War without shooting

As we grow used to headbutts and high salaries in soccer, DJ Taylor looks back at the glory days, encompassed in the spirit of the Corinthians. Review by Fionnbar Callanan

On the CORINTHIAN Spirit: The Decline of Amateurism in Sport. By By DJ Taylor. The Yellow Jersey Press, 2006. ISBN 0224075853,
€14.50

It was a sad coincidence that the editor sent me this book for review within 10 days of the death of Kevin O'Flanagan who, in my opinion, was Ireland's greatest ever sportsman and was one of the last of "the Corinthians".

This missal-sized book of 131 pages is a small but perceptive delight. The author, DJ Taylor, won the Whitbread prize for his biography of Old Etonian cricket-lover George Orwell, but modestly claims that nothing in his life matched his early triumph in a soccer career which ended at the age of 10! His sporting appetite developed indirectly from his father's following of Norwich City FC from the 1920s – well before such luminaries as Delia Smith, Stephen Fry, and John Mills became fans of "the Canaries".

In the 1929 FA Cup, Norwich City beat Chatham 6-1 in the first round; they then beat Newport County 6-0 in the second round to earn a third-round clash with the Corinthians – "an entity apparently composed of civil servants, Lloyd's underwriters and ageing public schoolboys". Before 20,000 spectators – gate receipts £1,591 – the Corinthians won 5-0.

Founded in 1882, the Corinthians were once described as "a team whose commitment to the amateur virtues was such that they disdained to take penalties". In 1939, they amalgamated with "The Casuals" (founded 1883) to form the aptly-named Corinthian-Casuals, a club that still figures prominently in the Isthmian League.
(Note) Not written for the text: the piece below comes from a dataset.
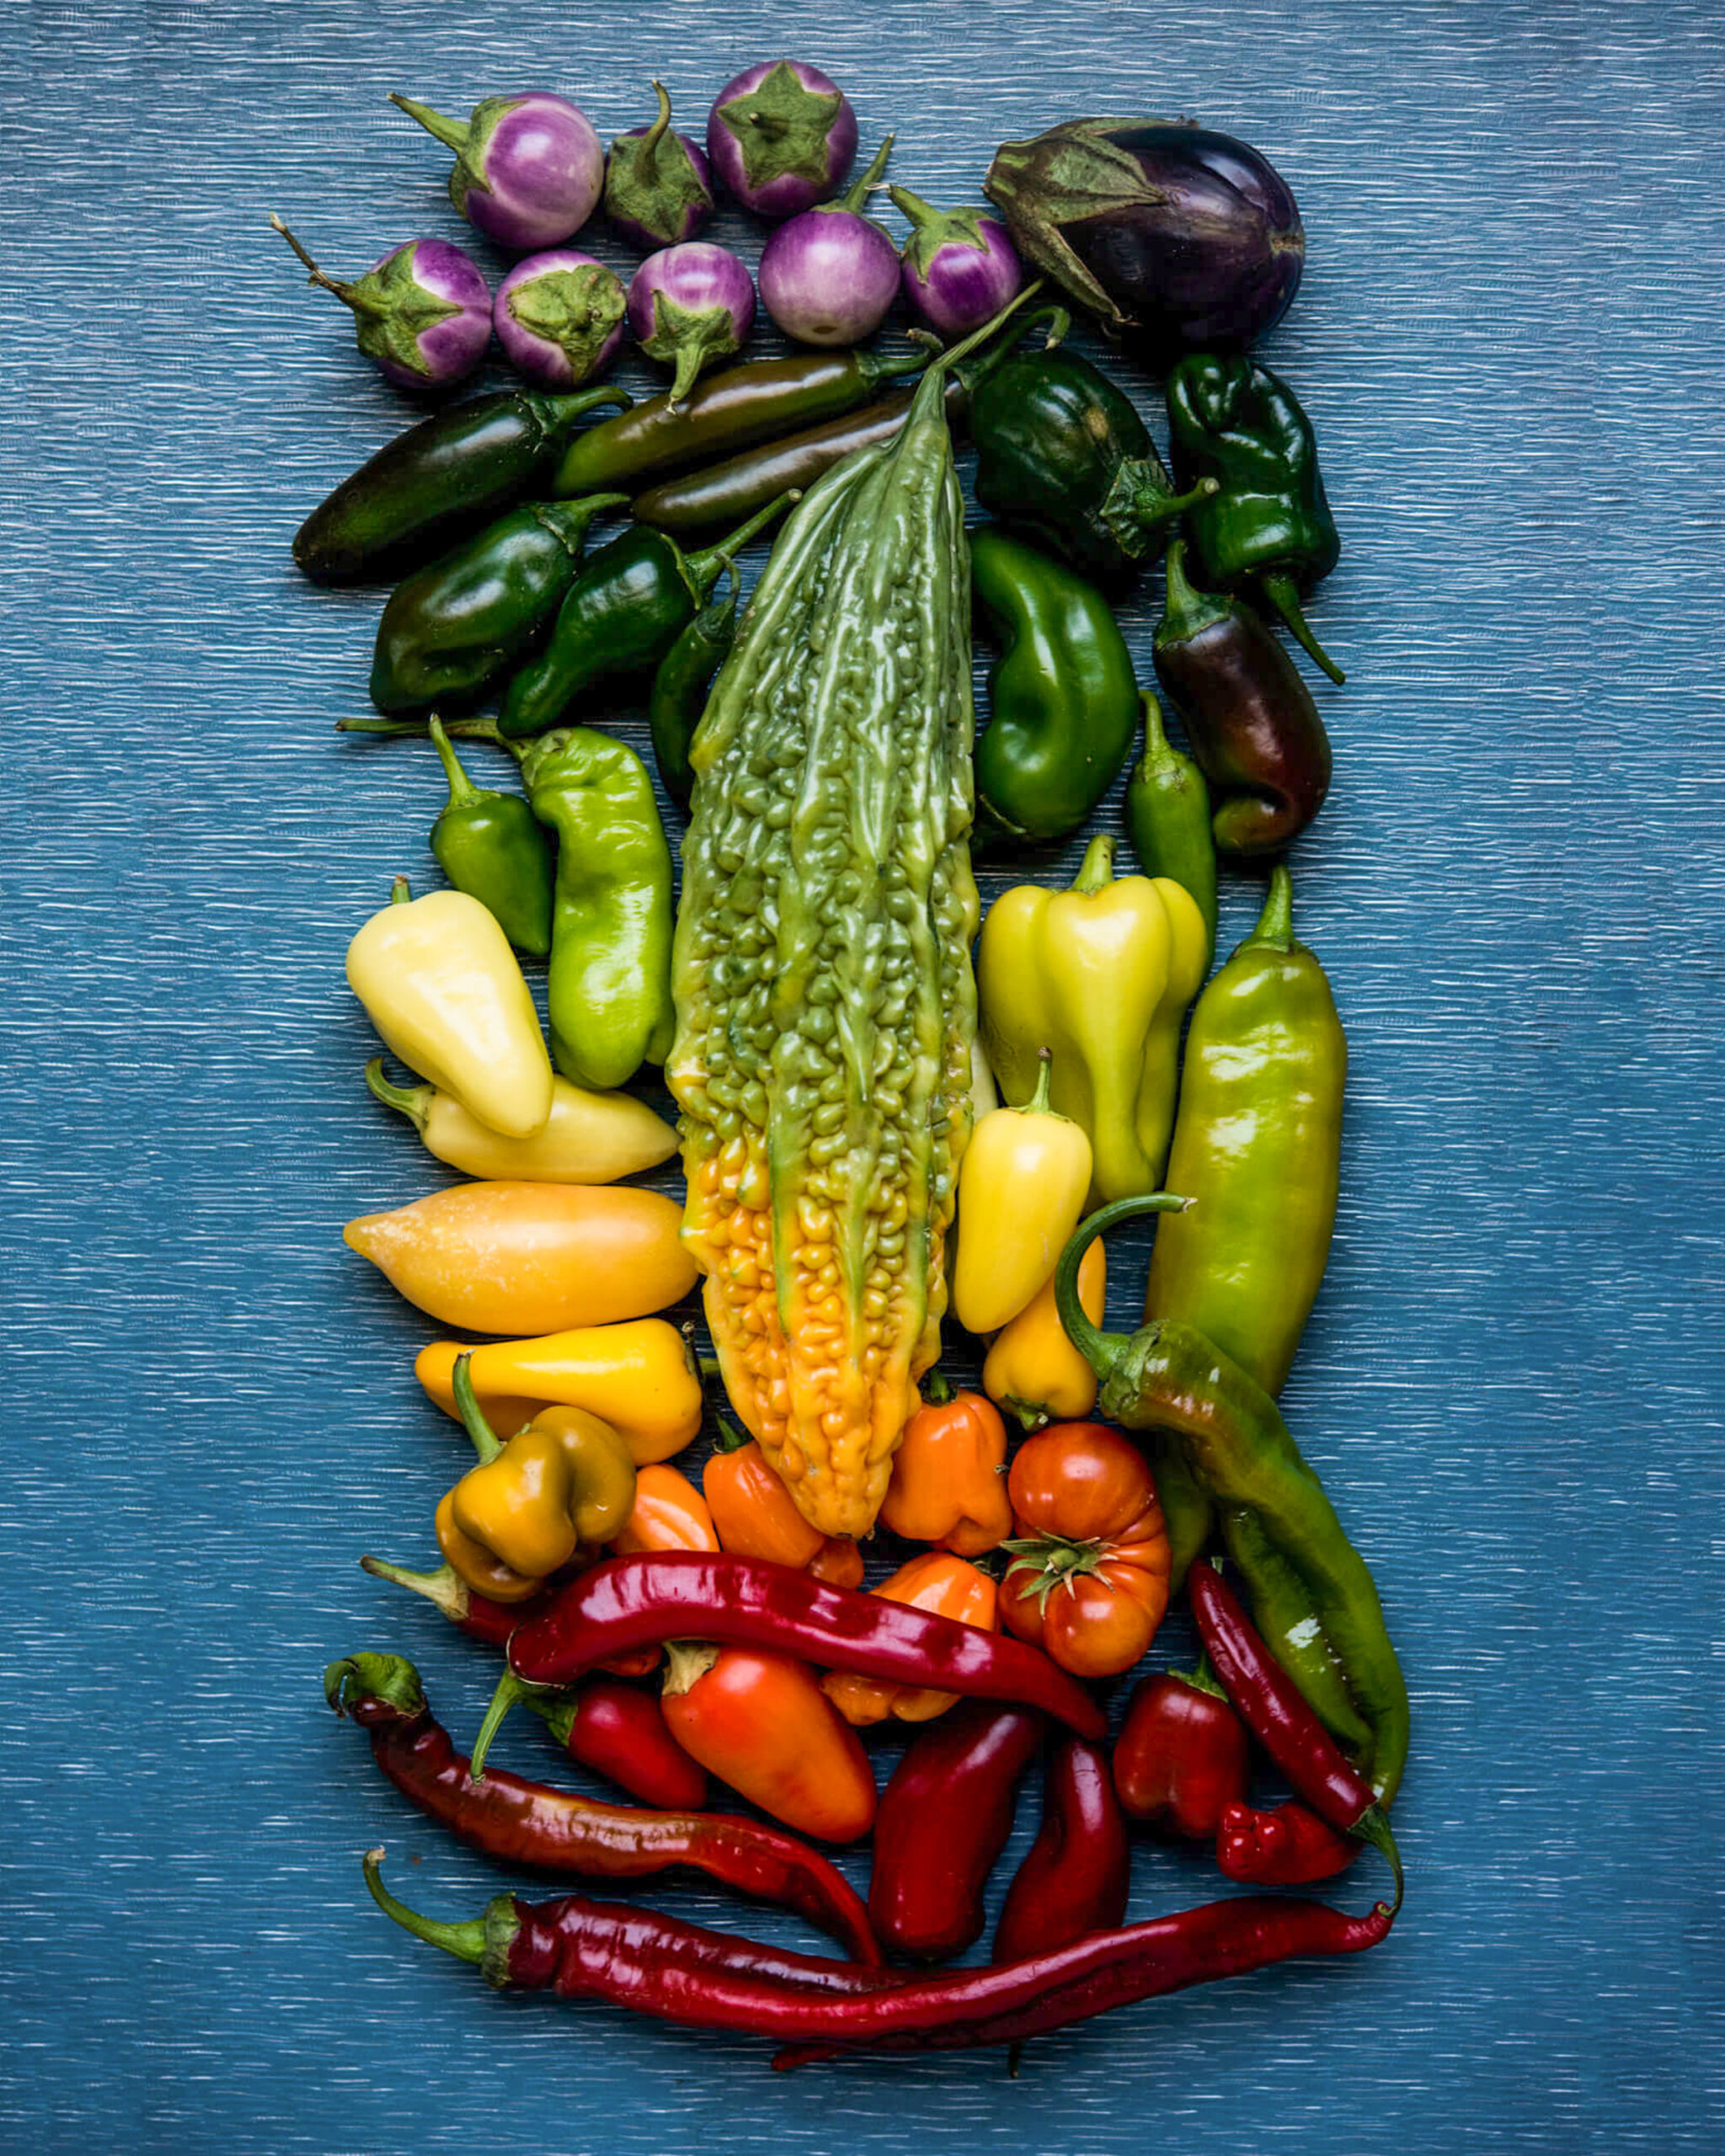 Assorted colorful vegetables including peppers, tomatoes, and eggplants arranged on a blue surface.

The team's rules provide that "its aims are to promote fair play and sportsmanship, to play competitive football at the highest level possible whilst remaining strictly amateur and retaining the ideals of the Corinthian and the Casuals Football Clubs".

Born some 22 years after that Corinthians/Norwich City match, Taylor traces the transformation of English "sport" from its early Victorian days of bare-knuckle boxing, cock-fighting and rat-catching to the end of that era by which time public schools and universities had taken control of, and codified, the various component games.
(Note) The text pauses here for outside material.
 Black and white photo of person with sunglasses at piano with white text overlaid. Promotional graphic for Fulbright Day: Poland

It's fascinating to read that "between 1845 and 1900 the extent of the Harrow playing fields increased from eight acres to 146". Then came the almost inevitable reaction in which "the public school sportsmen who administered the game found that by the twilight of the Victorian era they had acquired the one thing liable to wrest the game from the hands of the people who had effectively created it – a mass audience".
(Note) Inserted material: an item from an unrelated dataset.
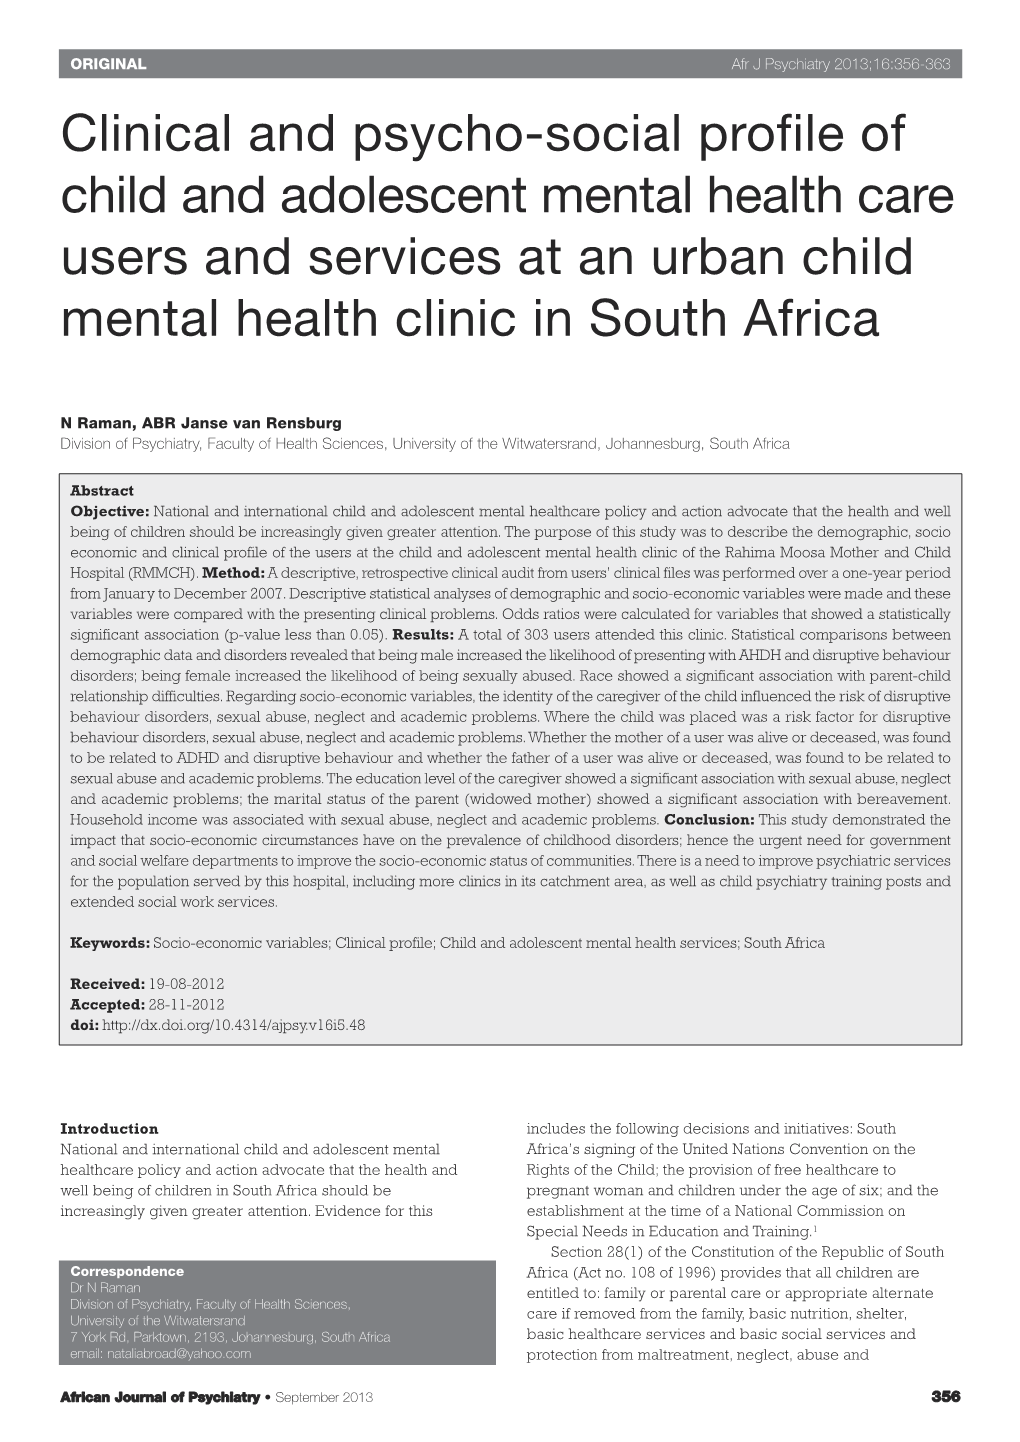 Clinical and Psycho-Social Profile of Child and Adolescent Mental Health Care Users and Services at an Urban Child Mental Health Clinic in South Africa

In discussing the early distinctions between the amateur and professional games, I am sure that Taylor is right when he says: "The Corinthians, to put it starkly, believed that their distinction was innate; that it derived from the kind of people they were and the attitude with which they approached the game came, in fact, from an ethic that in the end had very little to do with sport at all." I doubt that today's Corinthian-Casuals members really share that belief or that it survived much beyond the 1939 amalgamation. And, in my reference to Kevin O'Flanagan, I do not imply that he, in any way, would have shared that belief; he was a true sportsman.

Nowadays, we are shocked at the level of pay of the top professionals and many point to "the good old days" of the 1930s when the average professional soccer player was paid £6 or £7 a week. Taylor points out that, at that time, his father's salary with the Norwich Union Insurance Company was £45 a year.

The book is laced with entertaining anecdotes of sport in public schools, just like in the schoolboy novels of the time like Strickland of the Sixth. Taylor says that, true to type, Strickland later "died on the Normandy beaches, out in the North African desert or along the Burma Railway" but that "his legacy burns on".

Taylor recounts the agonised emergence of professional golf and tennis despite the fact that many of the major sports associations (eg AAA, MCC and LTA) were "effectively controlled by propagandists for amateurism". He welcomes many of the changes coming from the new regime with the comment: "The most obvious point to make about this transformation is that there is no use whatever in complaining about it." This does not stop him indicating a strong dislike for Roman Abramovich and Malcolm Glazer or, even more pointedly, for "cloaca-tongued Wayne [Rooney], simultaneously a footballing genius and the most unappetising teenager ever to have pulled on a Manchester United shirt."

Thinking back on the second-round Portugal-Netherlands World Cup match this year, it is interesting to read the comment of Orwell as quoted by Taylor – "Serious sport has nothing to do with fair play. It is bound up with hatred, jealousy, boastfulness, disregard of all rules and sadistic pleasure in witnessing violence: in other words it is war minus the shooting." Perhaps Nuremberg was the appropriate venue for the showing of 16 yellow cards and four red cards.